───── GIVEN ENTRIES
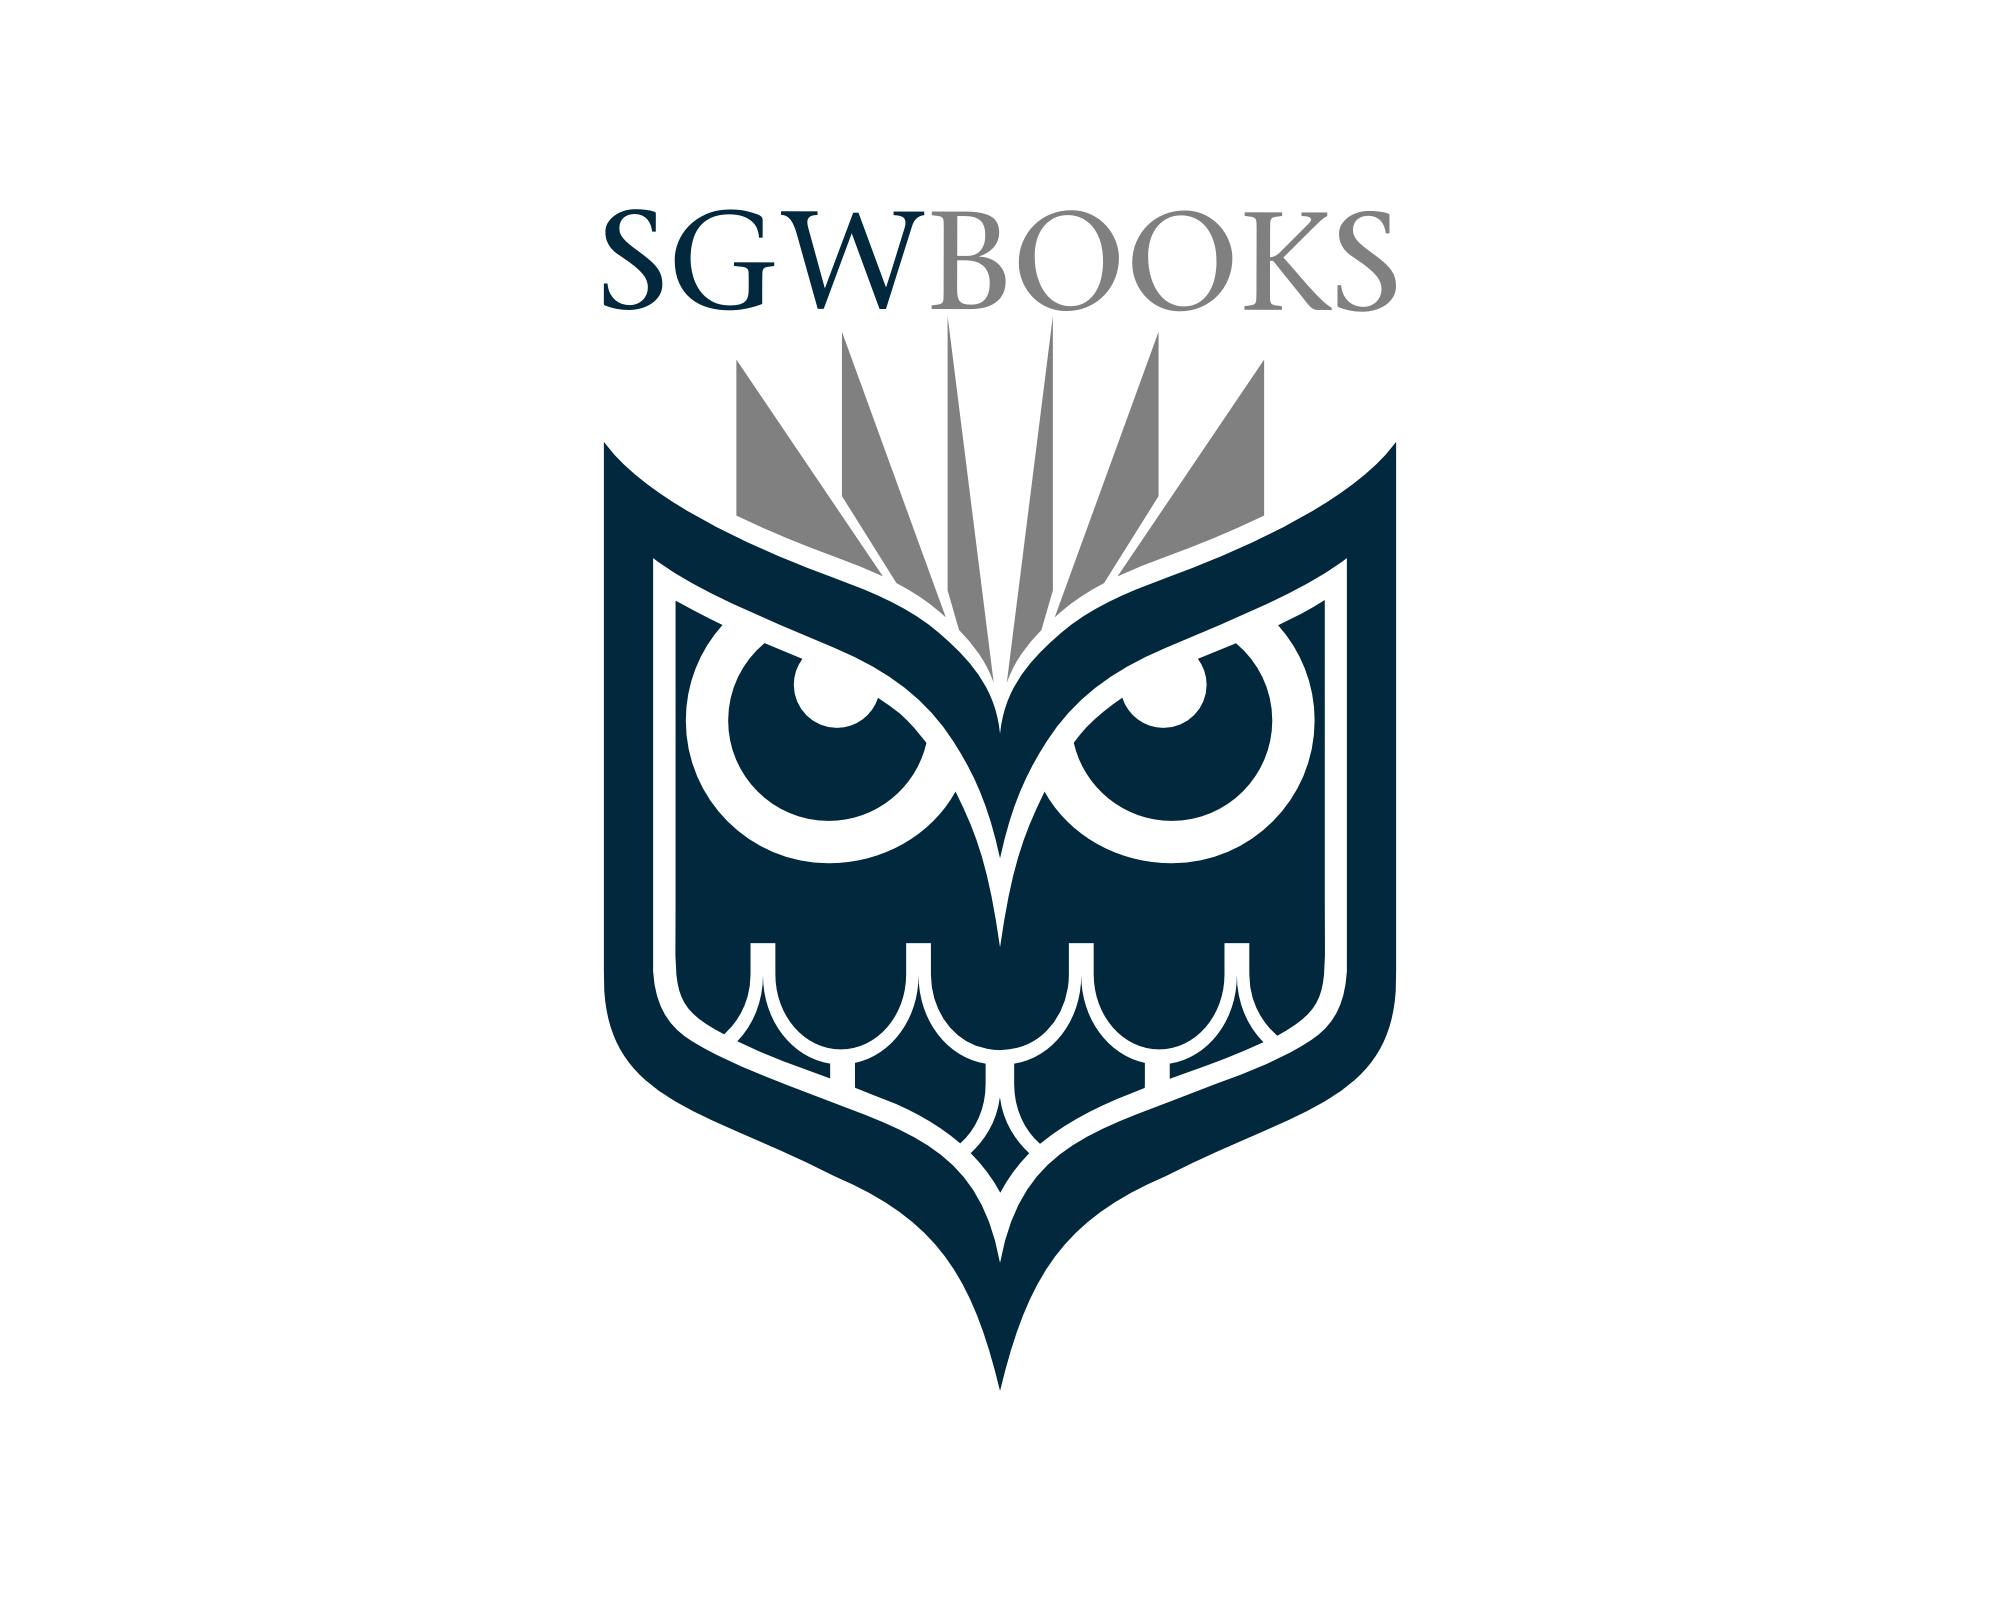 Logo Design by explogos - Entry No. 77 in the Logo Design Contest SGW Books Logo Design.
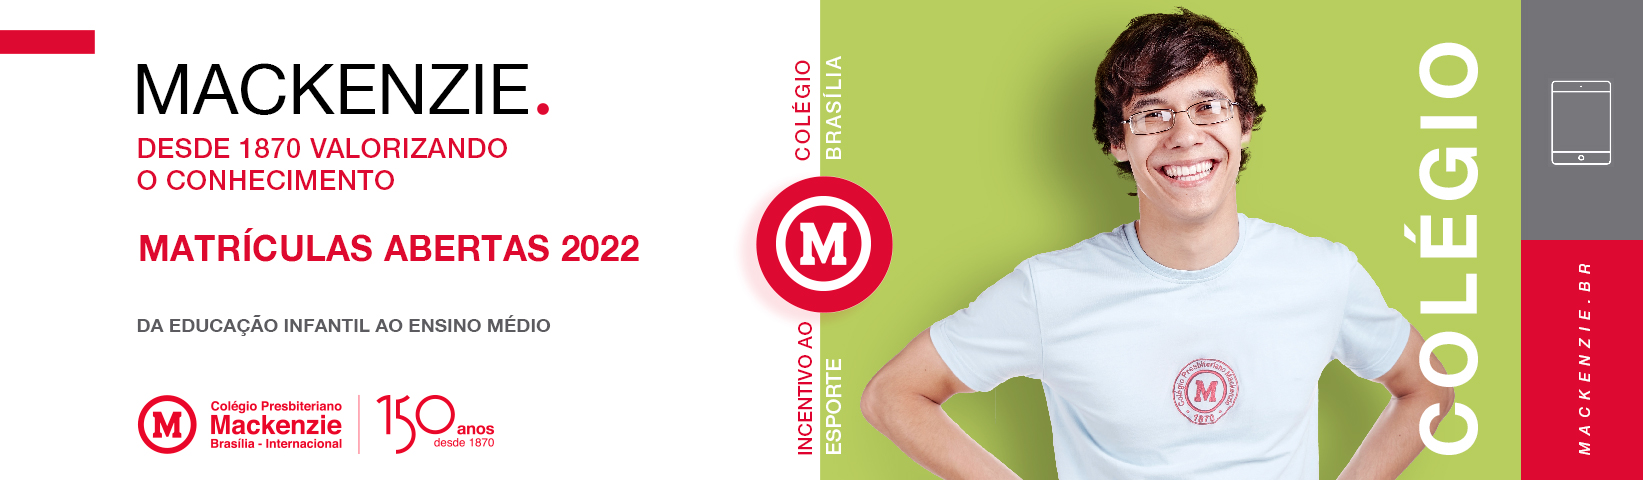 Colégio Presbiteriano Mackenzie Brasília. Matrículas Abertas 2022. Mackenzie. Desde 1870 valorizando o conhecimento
──────────
───── GIVEN ENTRIES
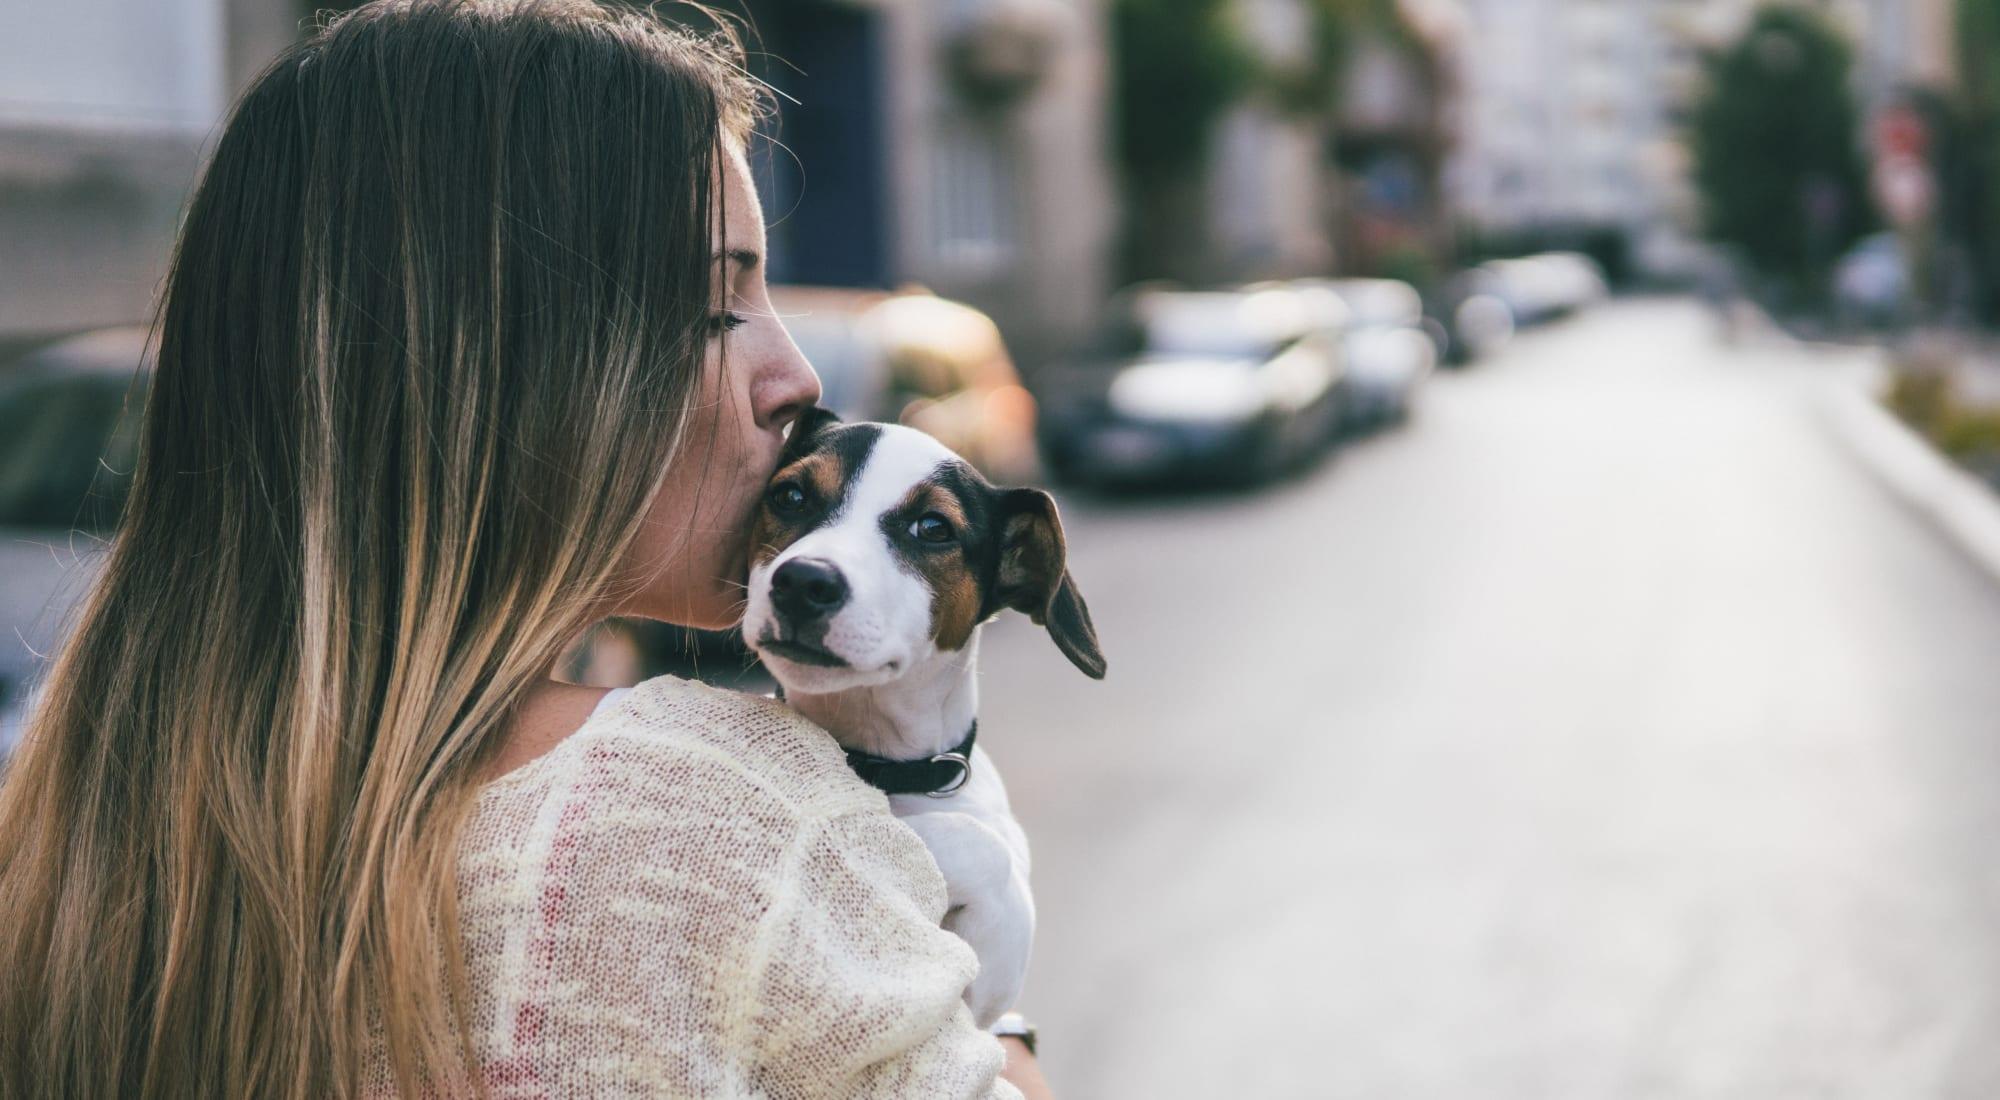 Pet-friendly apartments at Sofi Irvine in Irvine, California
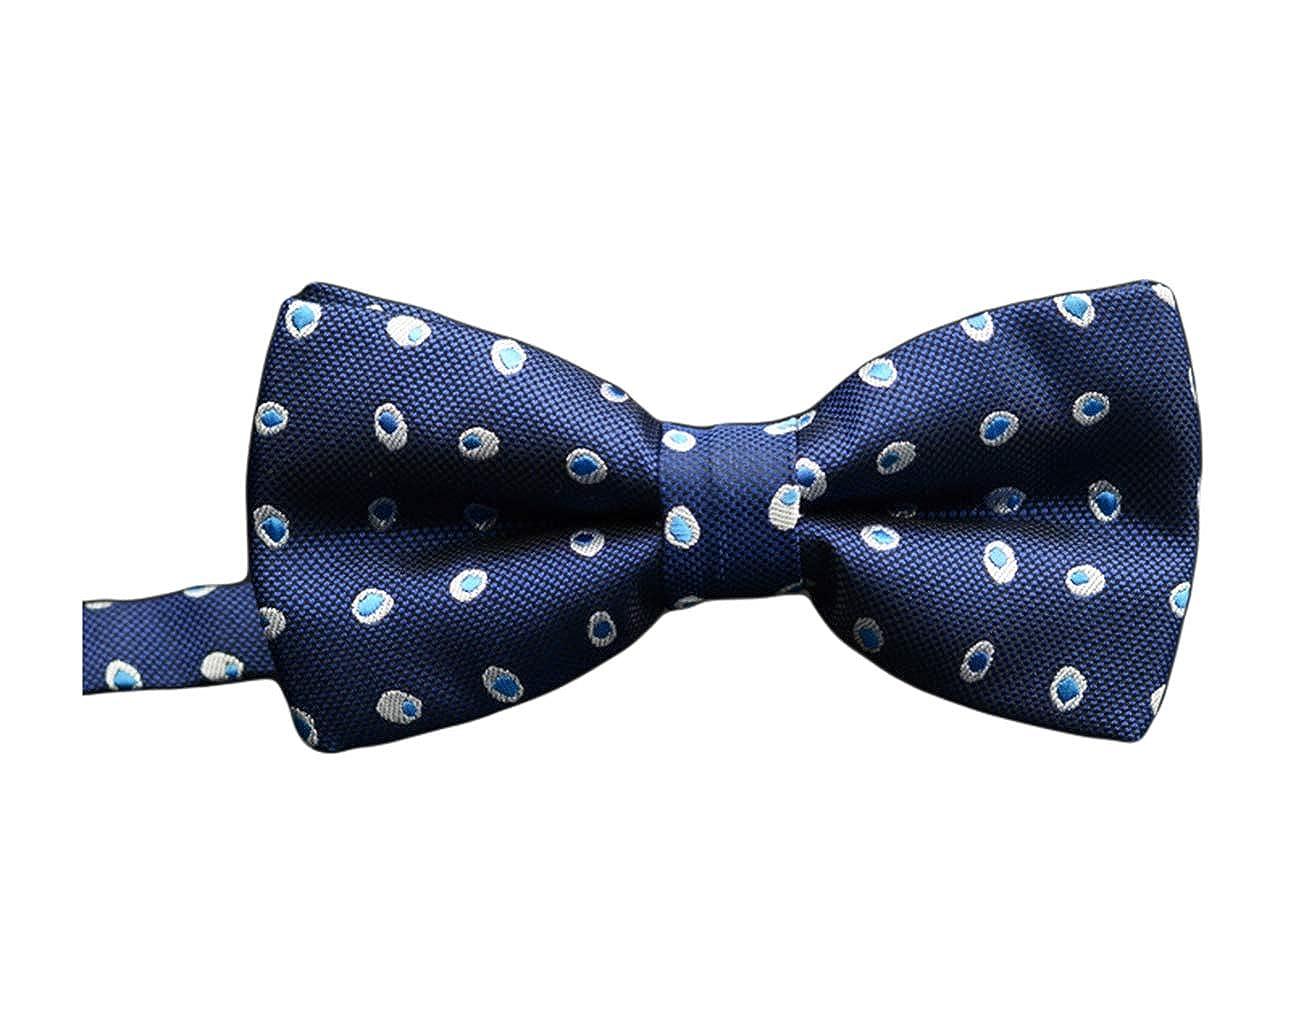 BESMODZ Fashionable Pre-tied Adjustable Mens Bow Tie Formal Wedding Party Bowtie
──────────
• _YOUR ASSIGNMENT_
Reproduce, word for word, everything in the listing above from the line containing "Logo Design by" down to the line containing "Colégio Presbiteriano Mackenzie", both of them included. No pictures.

• _ANSWER TO THE PROBLEM_
 Logo Design by explogos - Entry No. 77 in the Logo Design Contest SGW Books Logo Design.
 Colégio Presbiteriano Mackenzie Brasília. Matrículas Abertas 2022. Mackenzie. Desde 1870 valorizando o conhecimento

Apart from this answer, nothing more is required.